Please set as in each comment In the above state, 10 new works will be downloaded from the official pixiv account, excluding the works tagged with R-18. I will explain in detail. id_search

id_search is the user id of the user you want to download. Go to the user's page and it's the last number in the url. InkedDesktop Screenshot 2020.12.31 - 21.22.03.74-1_LI.jpg https://www.pixiv.net/users/11 If there is like, it is 11. If you execute it after that, a separate folder for each user will be created in the img folder, and the images will be downloaded inside. This time, it will be downloaded in a folder called pixiv Secretariat (11).

works This time, works = 10 is set, but 10 works (manga etc. are collectively counted as 1) will be downloaded in the order of newest. Images that have already been downloaded are also counted. If you do not want to limit the number of downloads, use a huge number such as works = 10000000000.

score score represents the number of bookmarks. In this score = 0, all works will be downloaded. For example, if scre = 100, works less than 100 will not be downloaded.

view view refers to the number of views. The operation is the same as score, and only works with that value or more are downloaded.

tag The behavior of the tag is annoying. When target_tag = ["Fate/GrandOrder "," FGO "," FateGO "," Fate/stay night "] Download if the tag contains Fate/Grand Order __ or __FGO __ or __FateGO __ or __Fate/stay night. further, target_tag = ["Fate/GrandOrder"] target_tag2 = ["FGO"] At the time of, works that include Fate/Grand Order __ and __FGO will be downloaded.

extag will not download if it contains at least one element. If extag = ["R-18", "R-15"] , it will not be downloaded if it contains the tag R-18 __ or __R-15.

About the error

During execution PixivError: requests GET https://public-api.secure.pixiv.net/v1/works/58652797.json error: ('Connection aborted.', RemoteDisconnected('Remote end closed connection without response')) If it says, it is probably because you downloaded too much in a short time. Please try again later So far the account has never been banned.

Summary

This time, I explained how to use python to filter and download user's work. The reason I started making this was because a painter I liked a few years ago had erased all the works. At that time, I downloaded all of them, but I thought that I wouldn't have enough time manually, so I created it. I've been using it myself for two years, fixing bugs and making gif downloads available. In the early days, if the user changed the name, the entire work might be downloaded again, which was difficult.

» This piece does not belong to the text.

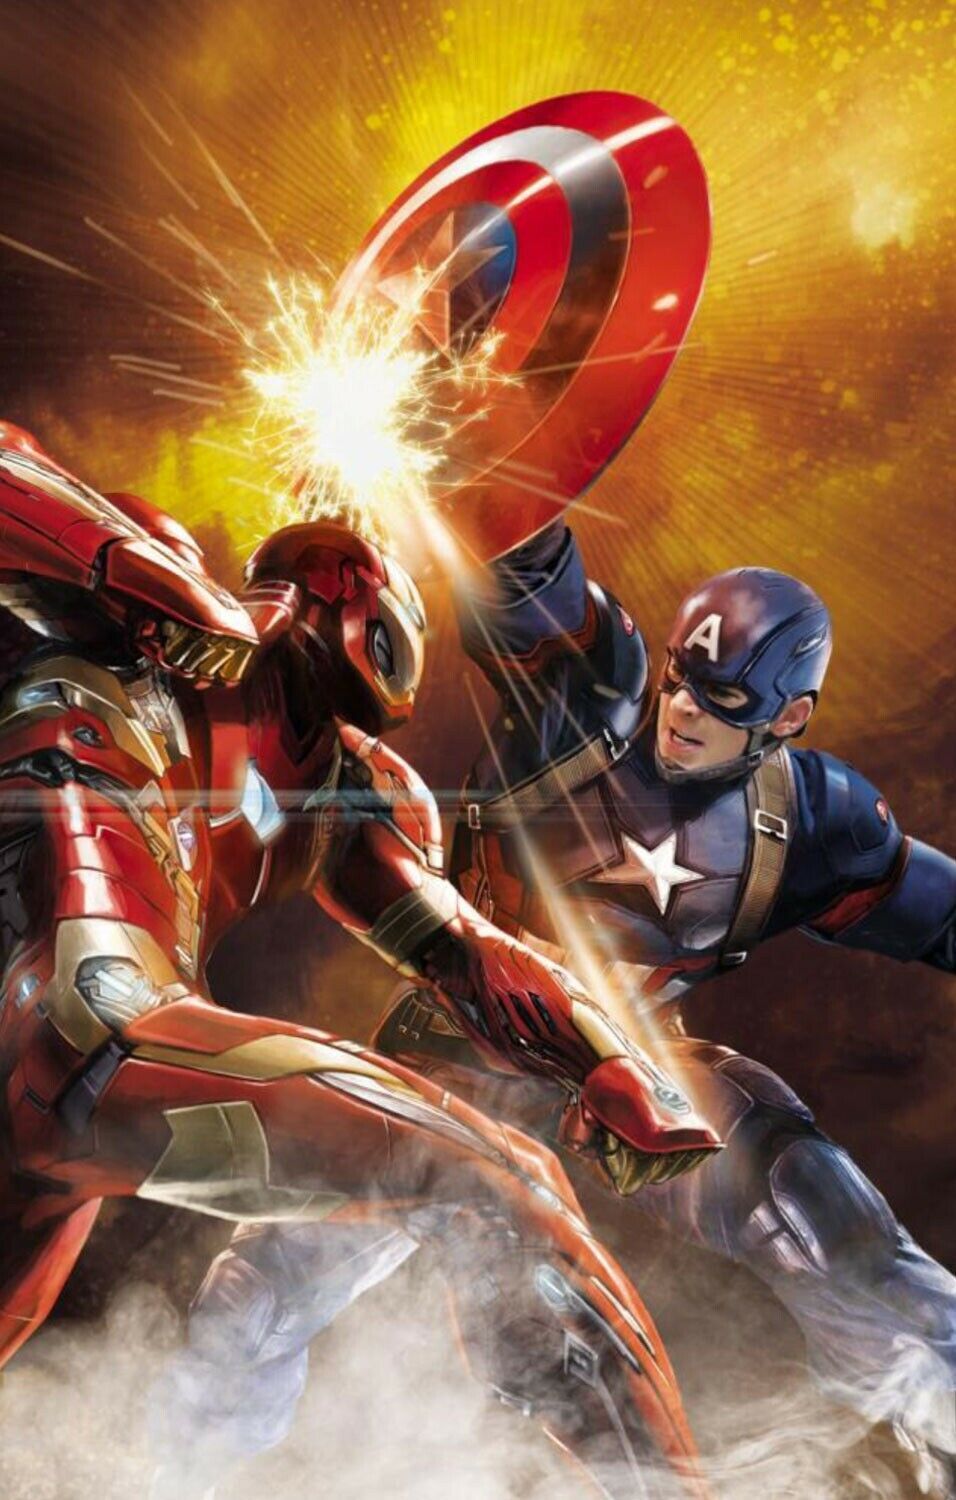 Iron Man and Captain America creating sparks as they battle, with each other.
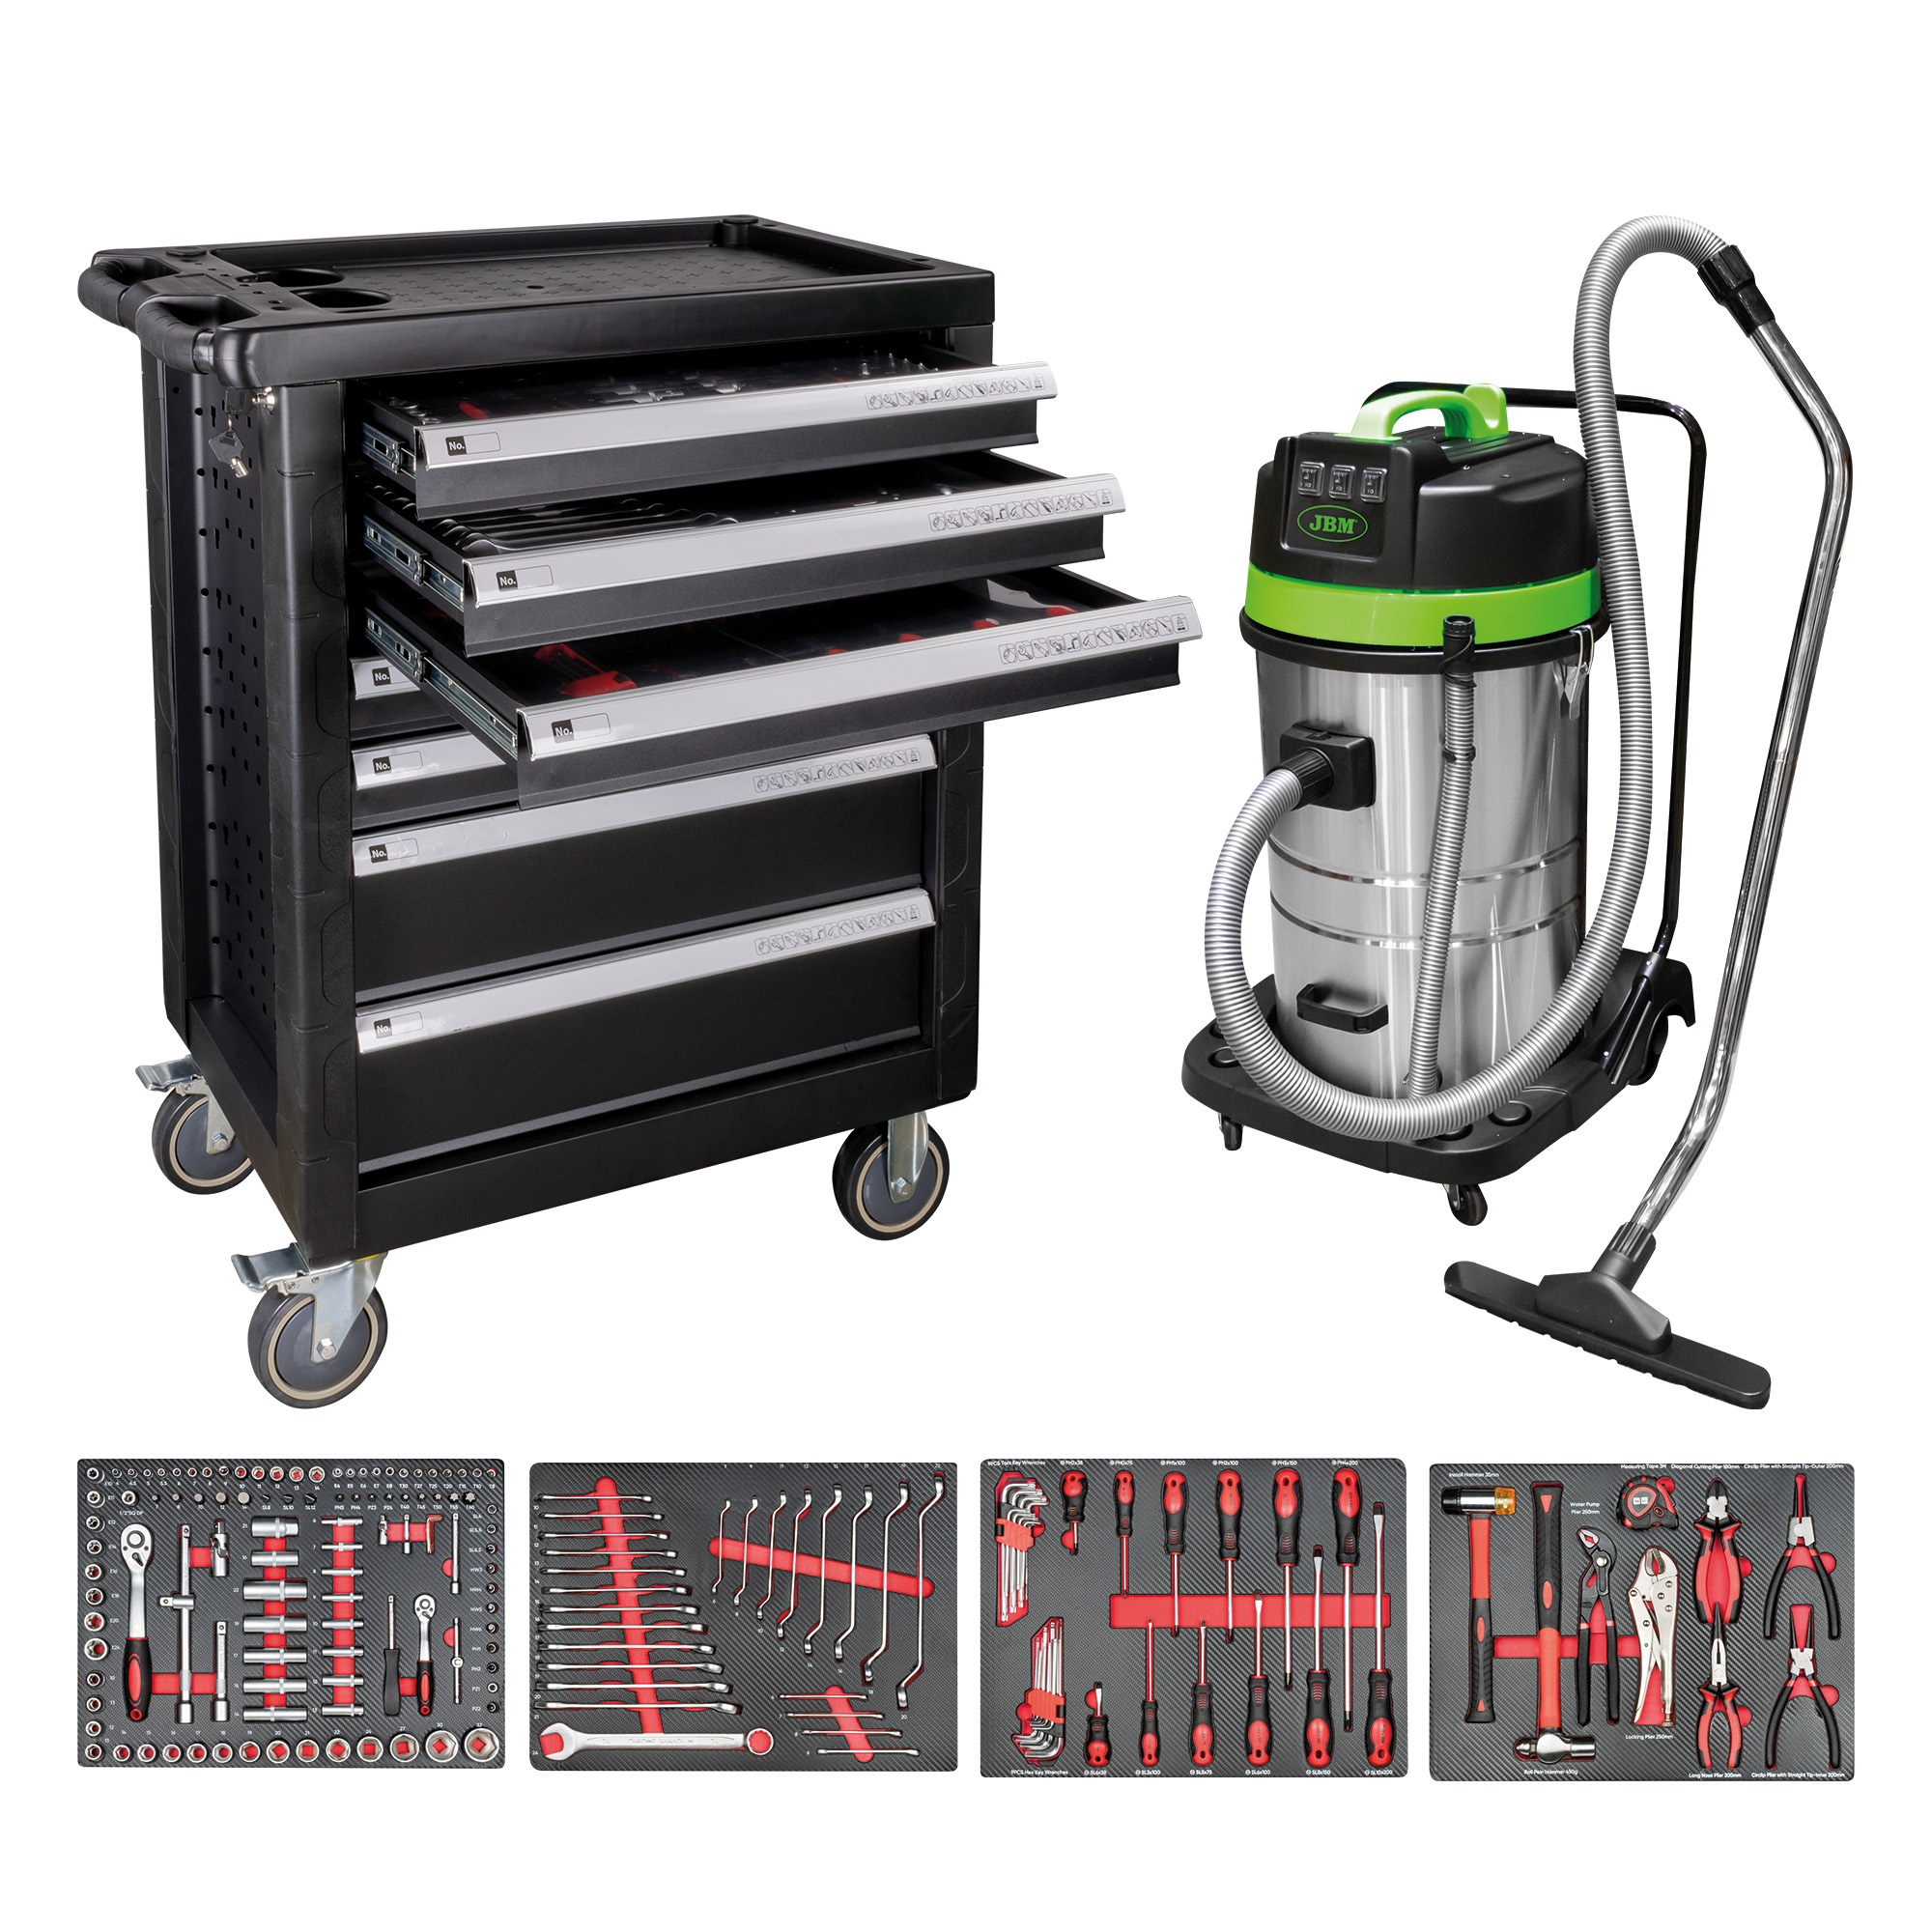 43904 7 DRAWER CABINET + 51838 80 LITRE VACUUM CLEANER (DRY AND WET)

I thought it was completed recently and released it. Please comment if you have any features or bugs you would like us to add. Thank you very much.

Outlook

Let's explain more about pixivpy ~~ I also have a program to download all the works of the users I follow, so I will write it if I have time ~~ I wrote Download all the works of users who are following from pixiv using python's pixivpy (including Ugoira) (Part 2) If you have time, we have created a method for detecting damaged files and finding methods if all files cannot be downloaded.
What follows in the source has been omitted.